To install FluentBit on our Kubernetes cluster we will use Helm, Helm is a package manager for Kubernetes that packages a bundle of Kubernetes workloads into a single Helm chart, which can be installed, configured and managed easily via the Helm CLI.
After we installed Helm, we will use Helm's FluentBit chart, by adding the FluentBit repository:
helm repo add fluent https://fluent.github.io/helm-charts
helm repo update
The FluentBit chart comes with default values, one of these values is the config object that sets the fluent bit configuration, this field is an object with sub-properties that provide configuration for every FluentBit component: Input, Filter, Parser, and Output.
We can view the default values for the chart by running the following command:
helm show values fluent/fluent-bit
The default values are good enough for most scenarios, but you can refer to the chart's docs to understand how it can be fully customized and configured.

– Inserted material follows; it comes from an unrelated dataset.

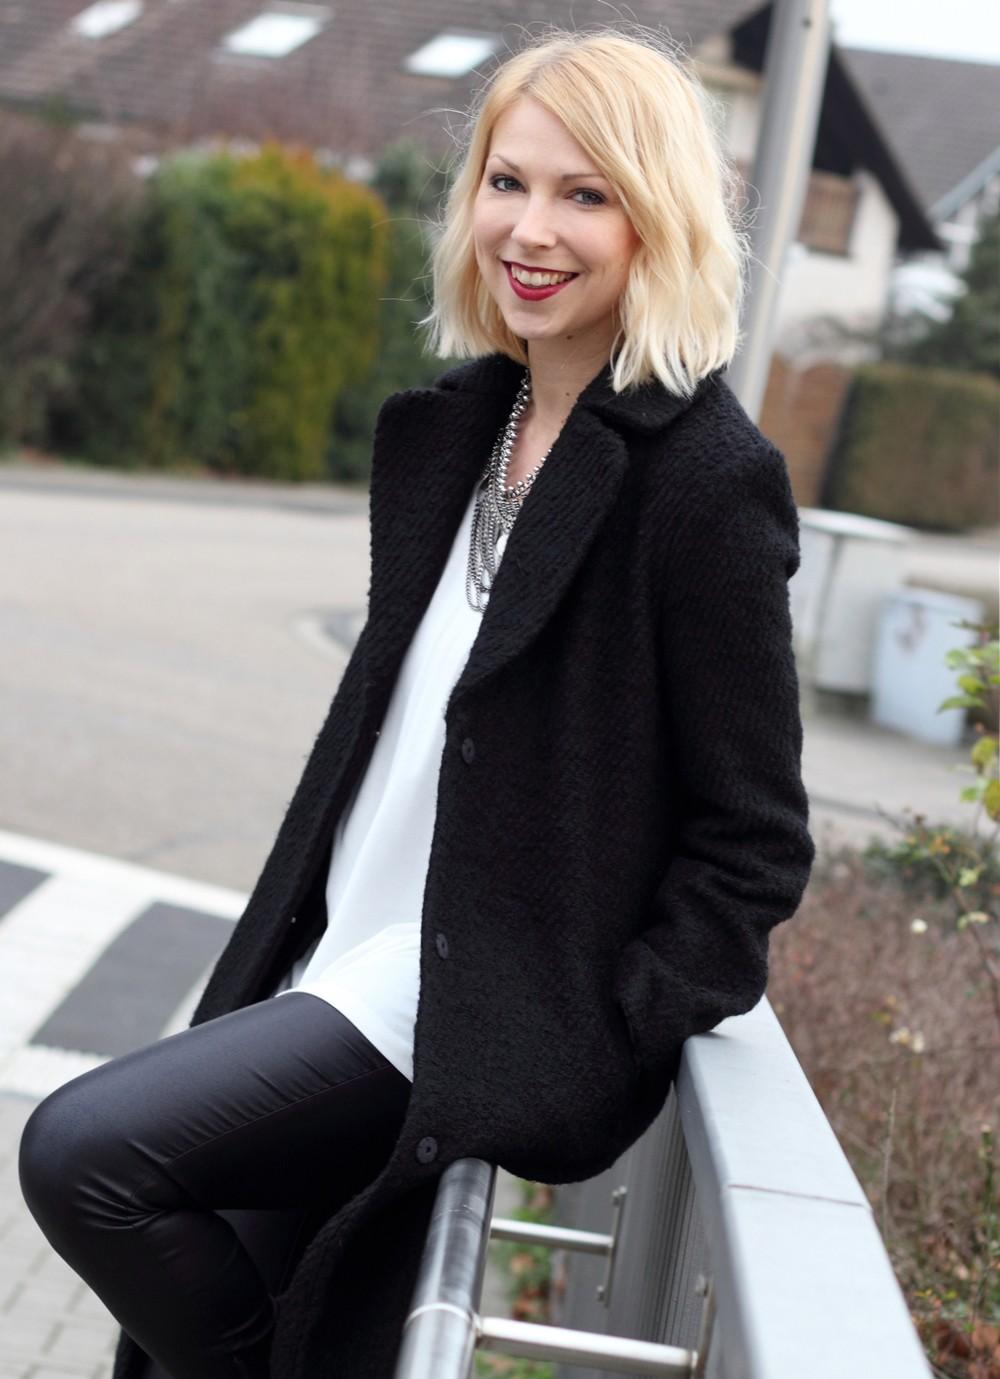 Fashionbloggerin Karlsruhe Outfit Lederhosen Sneaker Sweater langer Mantel 6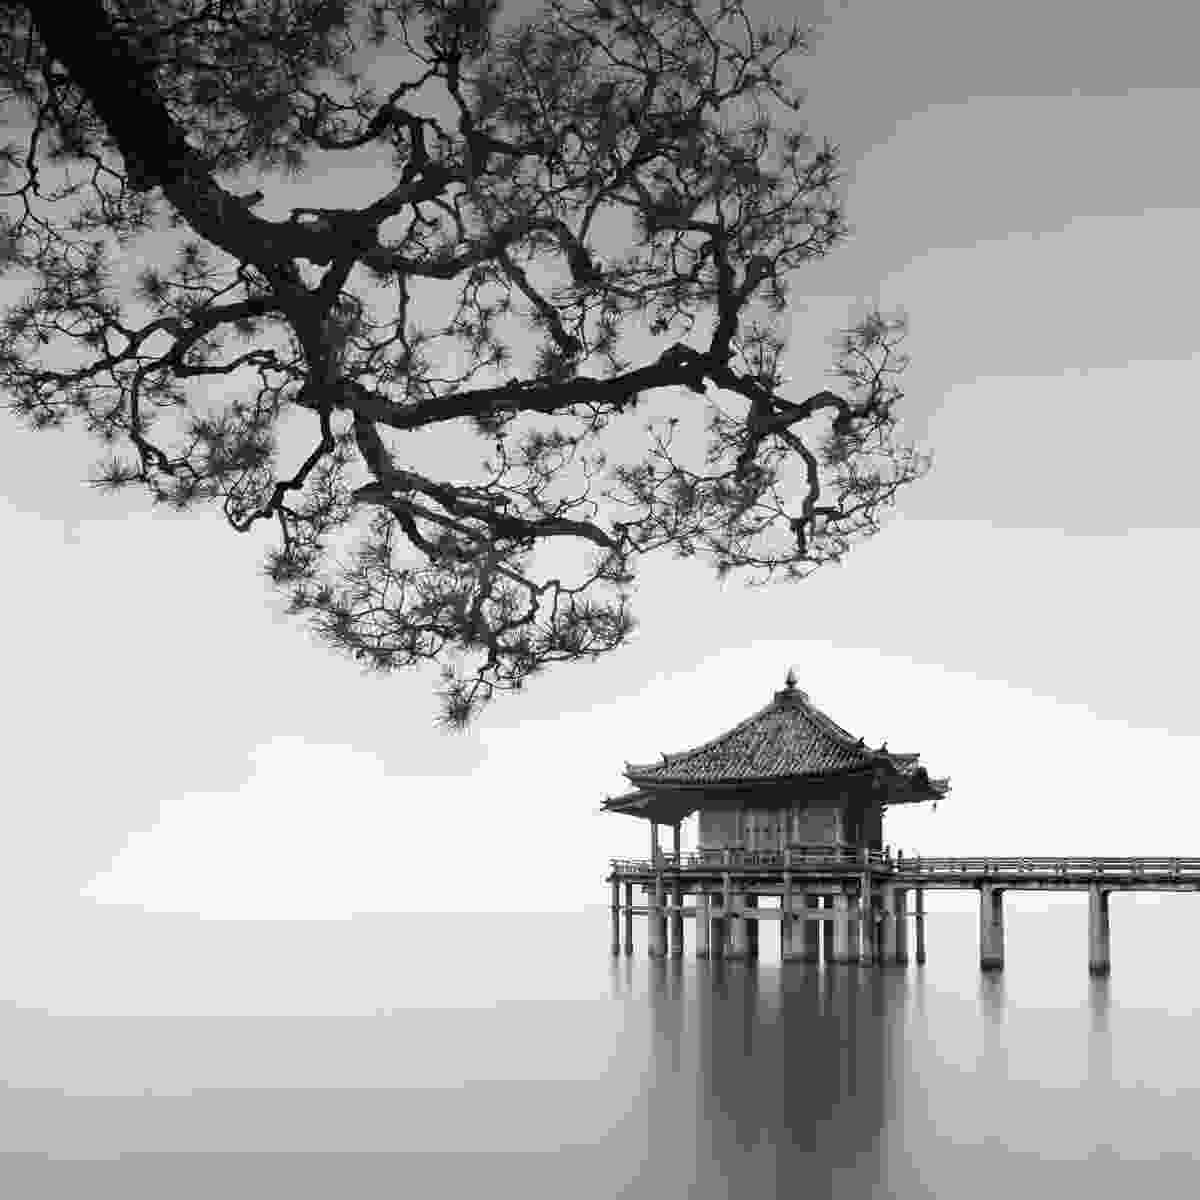 Temple Honshu, Japan (Jonathan Chritchley)

What we do care about though, is the output configuration, as we want to configure FluentBit to output logs into our ADX cluster. To customize this configuration, we can create a values.yaml with our specific configuration:
cat << EOF > values.yaml
config:
outputs: |
[OUTPUT]
Match * # Ingest everything, optionally we could provide a specific tag
Name azure_kusto
Tenant_Id <app_tenant_id>
Client_Id <app_client_id>
Client_Secret <app_secret>
Ingestion_Endpoint https://ingest-<cluster>.<region>.kusto.windows.net
Database_Name MyDatabase
Table_Name FluentBit
EOF
Finally, all we need is to install the chart on our Kubernetes cluster:
helm install <release_name> fluent/fluent-bit --values values.yaml
After confirming the helm chart deployed successfully, we can expect to receive logs in our cluster:
It's important to note that our configuration can be further customized to use ingestion mapping, and route tags to specific tables, so our logs can be nicely structured and organized, but this simple demo shows how we can make all of our Kubernetes cluster logs can be exported into our ADX cluster, where it can be queried with great efficiency.
Final thoughts
We showed how with a simple output configuration in Fluent Bit, all our logs could be ingested into our ADX cluster, where they can be easily available and searchable. No matter the complexity of our system’s architecture, Fluent Bit can process all our local logs, transform them, and ingest them into a centralized ADX cluster.